A metade incontornável
O feminismo sempre esteve presente nesse processo propondo a economia feminista como um horizonte e uma ferramenta de luta para a integração dos povos. Se, por um lado, as grandes corporações e os estados do norte global usurpam territórios e bens comuns, exploram o trabalho e a vida dos povos, o feminismo coloca a sustentabilidade da vida no centro e visibiliza a participação política das mulheres nos movimentos e nas comunidades.
Nos tempos de hoje, o feminismo está ainda mais forte, o que se vê tanto em sua presença transversal nos eixos de atuação das articulações continentais, como na maior presença de mulheres populares militantes, inclusive em espaços de liderança e representação política nos movimentos sociais. “Durante muitos anos, as elites, formadas por homens, nos tornaram a metade invisível da história. E hoje, nesses tempos em que vivemos, por mais difíceis que sejam, temos que reconhecer que não somos mais isso.
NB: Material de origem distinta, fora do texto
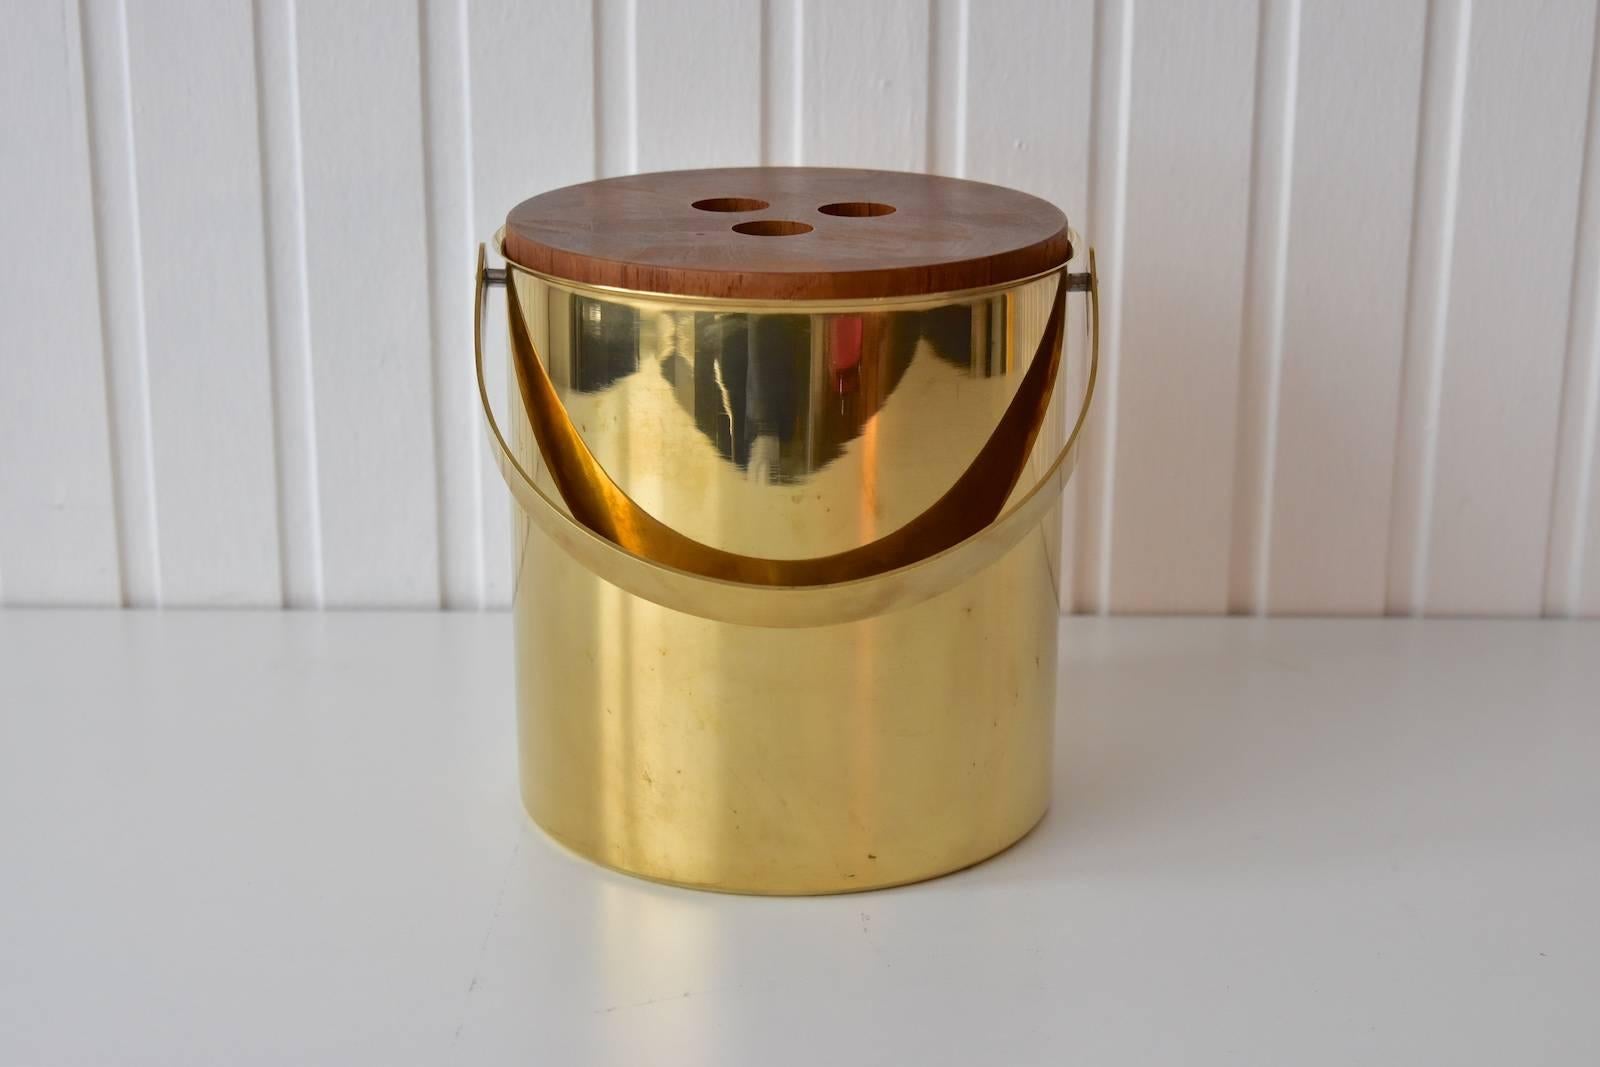 Arne Jacobsen for Stelton ice bucket and tongs. The large ice bucket and tongs are done in brass and teak wood from Stelton.

Somos justamente a metade incontornável”, defendeu Nalu Faria, da Marcha Mundial das Mulheres do Brasil durante o painel de abertura da Assembleia, que pautou a conjuntura regional.
“Nunca esqueçamos o que nos une, nem que a luta é para derrubar esse sistema. Nele está imbricada a divisão sexual, racial e internacional do trabalho”, explicou, se opondo à ideia de que o feminismo seria desagregador, separaria as lutas. “Nossa luta, ou seja, a das mulheres, do povo negro, indígena e das LGBTIA+ não é uma luta cultural. Entender isso vem junto com o questionamento da divisão entre produção e reprodução”.
Essa perspectiva se realiza na ideia de unidade na diversidade. “Esse corpo comum, esse ator coletivo tem que ser reconhecido em seu caráter de pluralidade, diversidade de identidades, idiomas, histórias, causas, lutas, caminhos, sentidos”, diz Llanisca, e continua: “nossa pluralidade, nossa riqueza fundamental, é a principal ameaça ao imperialismo que precisa que todos sejamos iguais, doutrinados, disciplinados”.